START Recorded information
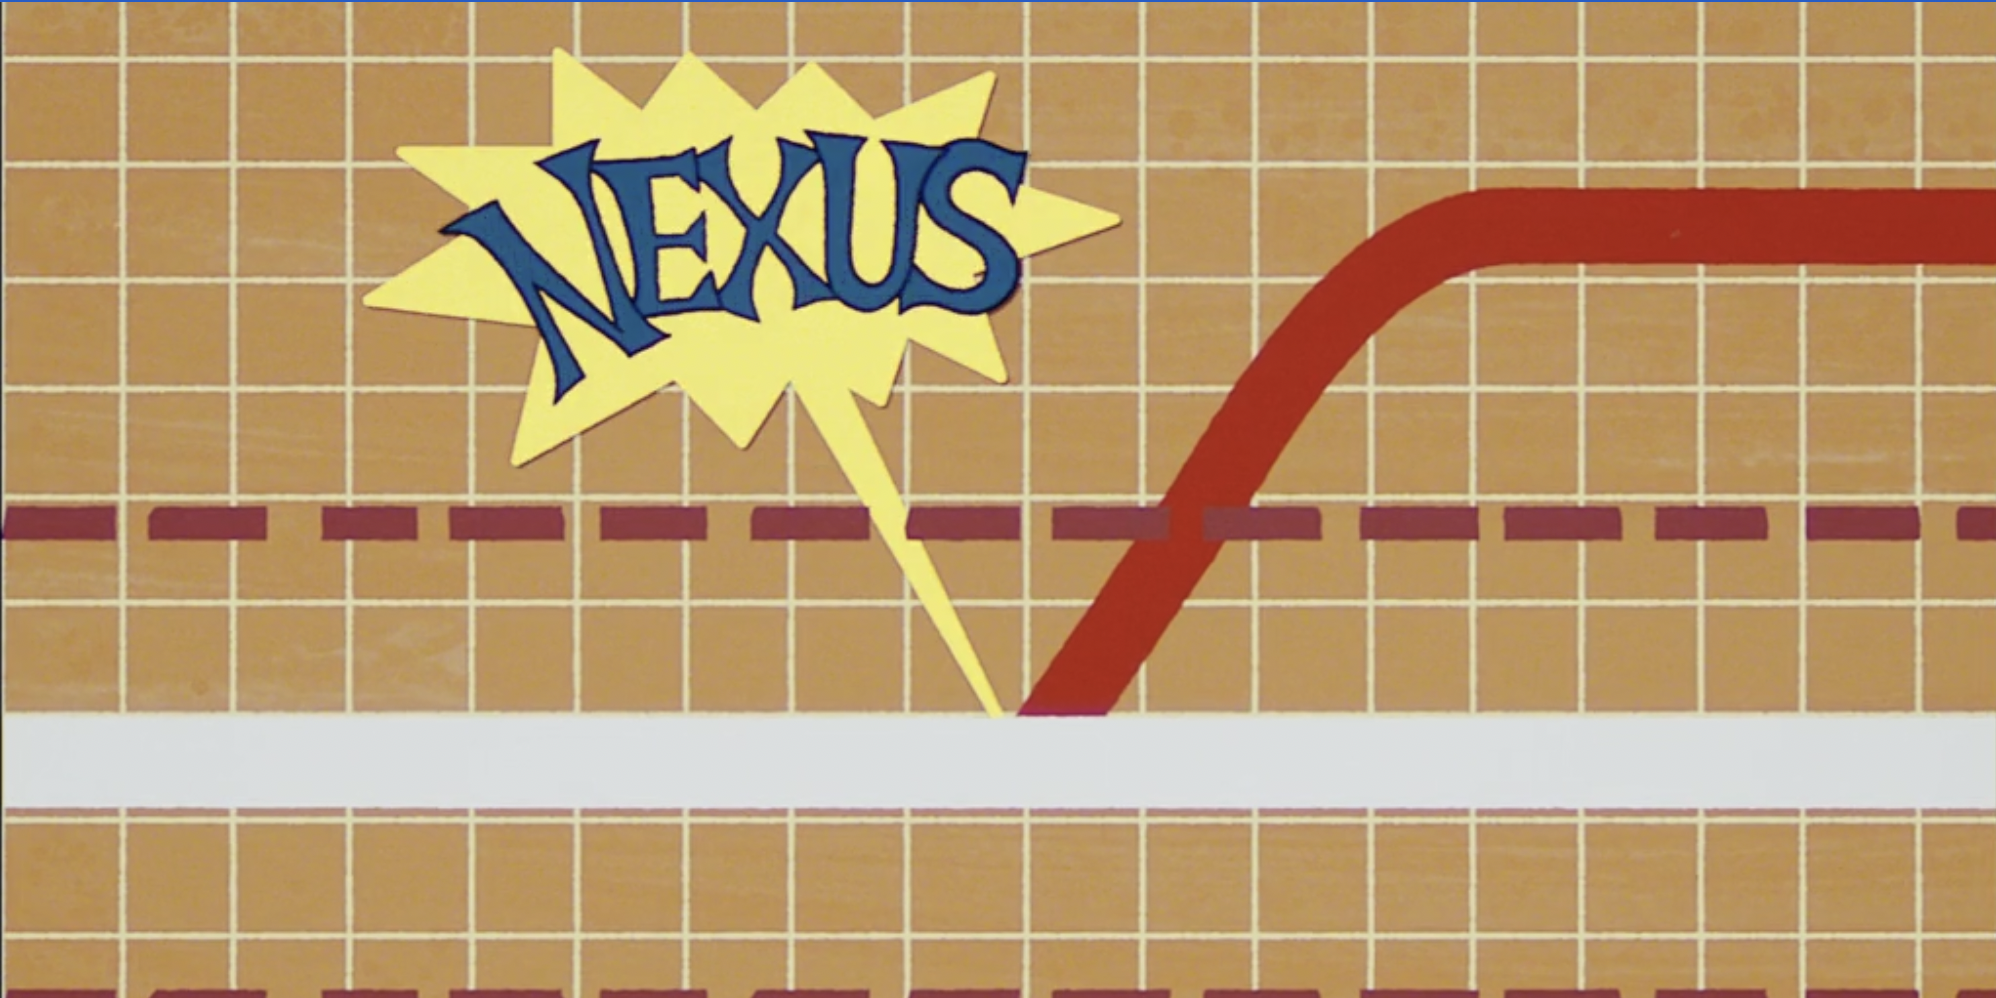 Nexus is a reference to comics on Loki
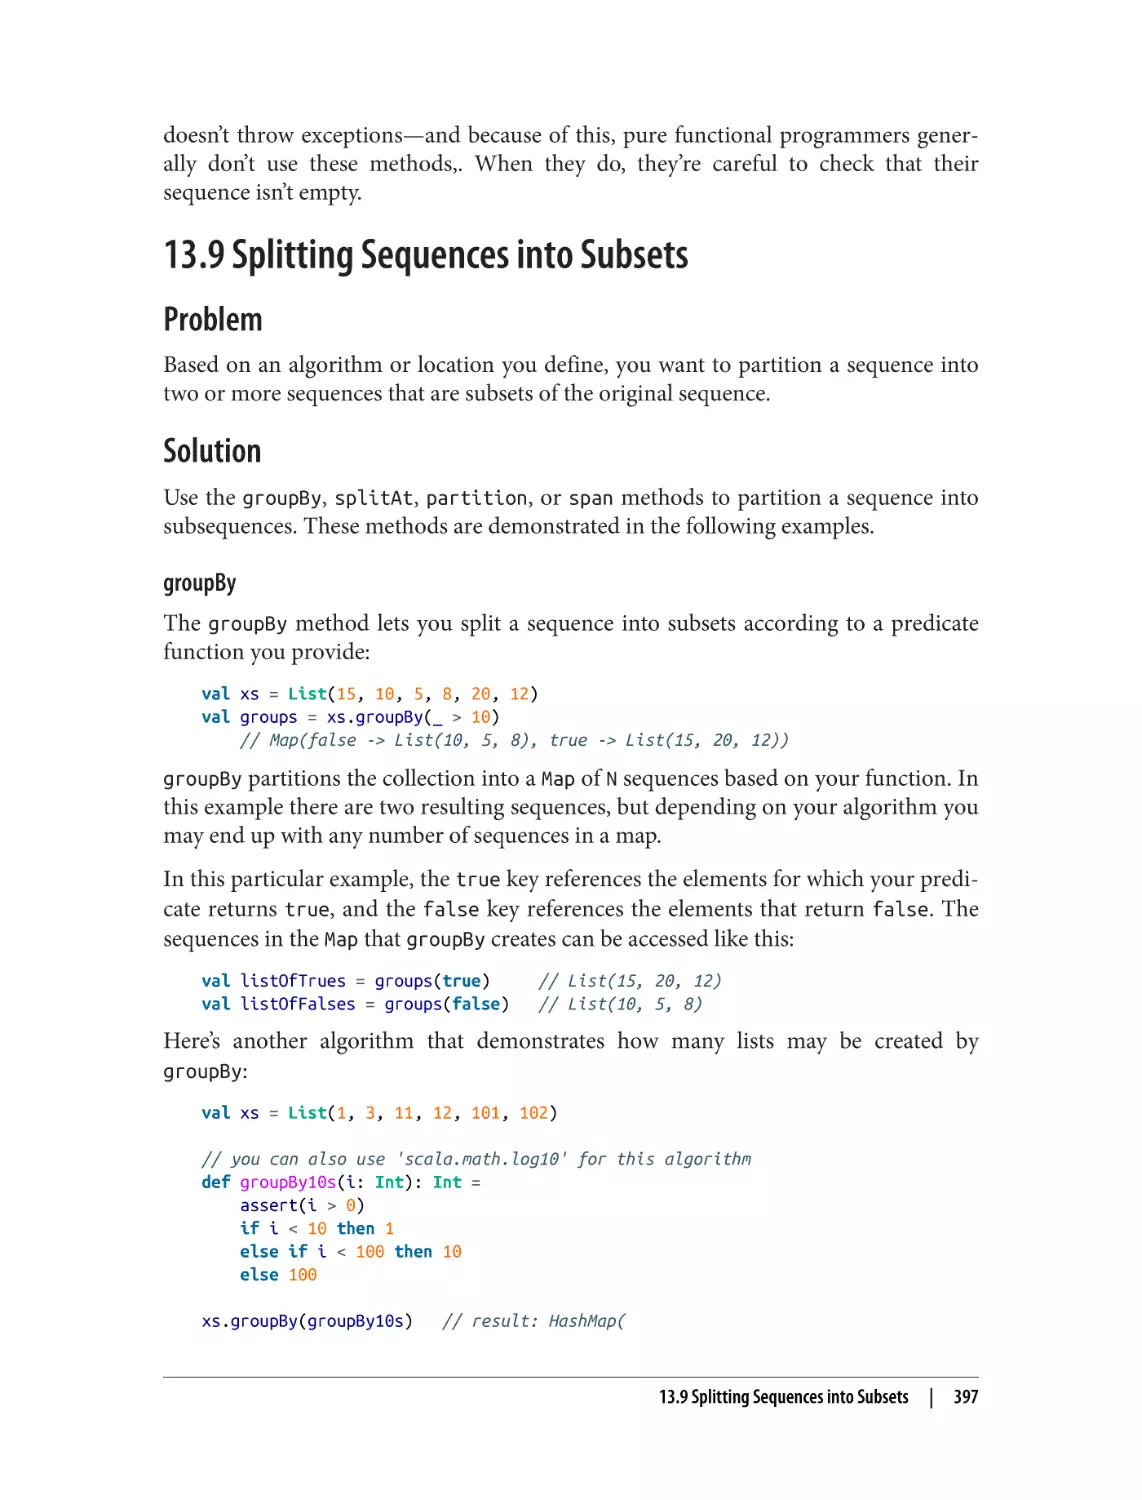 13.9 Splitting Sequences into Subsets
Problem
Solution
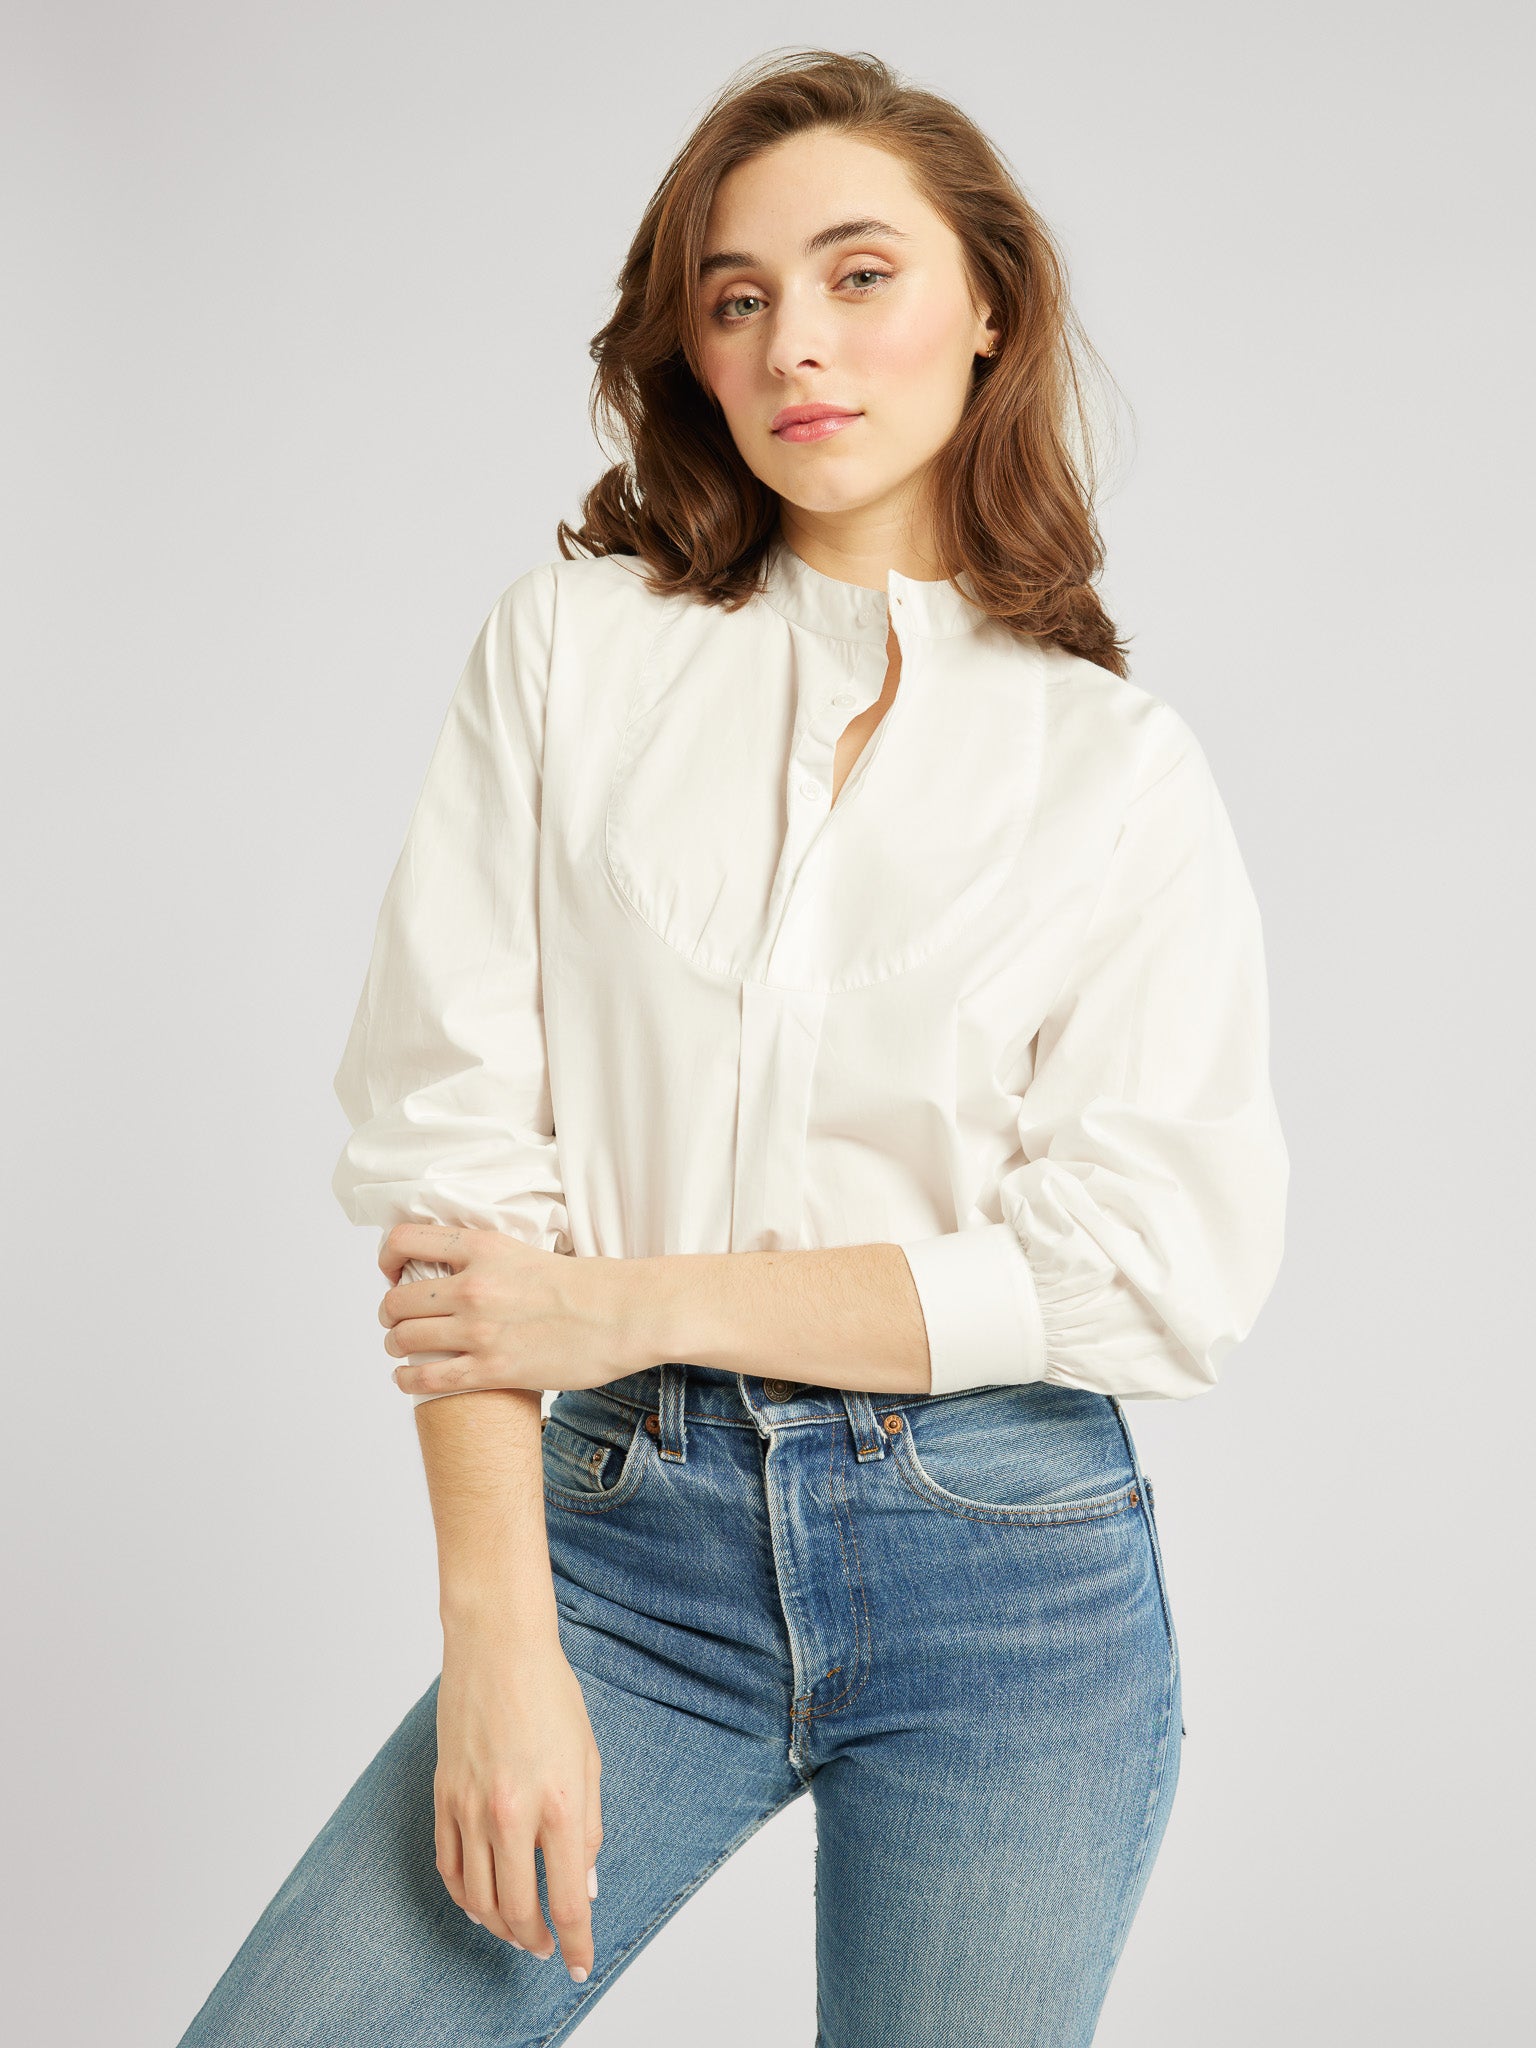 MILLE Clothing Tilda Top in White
END Recorded information
**Problem**
Would you repeat the entries exactly, but with no pictures?

**Output**
 Nexus is a reference to comics on Loki
 13.9 Splitting Sequences into Subsets
Problem
Solution
 MILLE Clothing Tilda Top in White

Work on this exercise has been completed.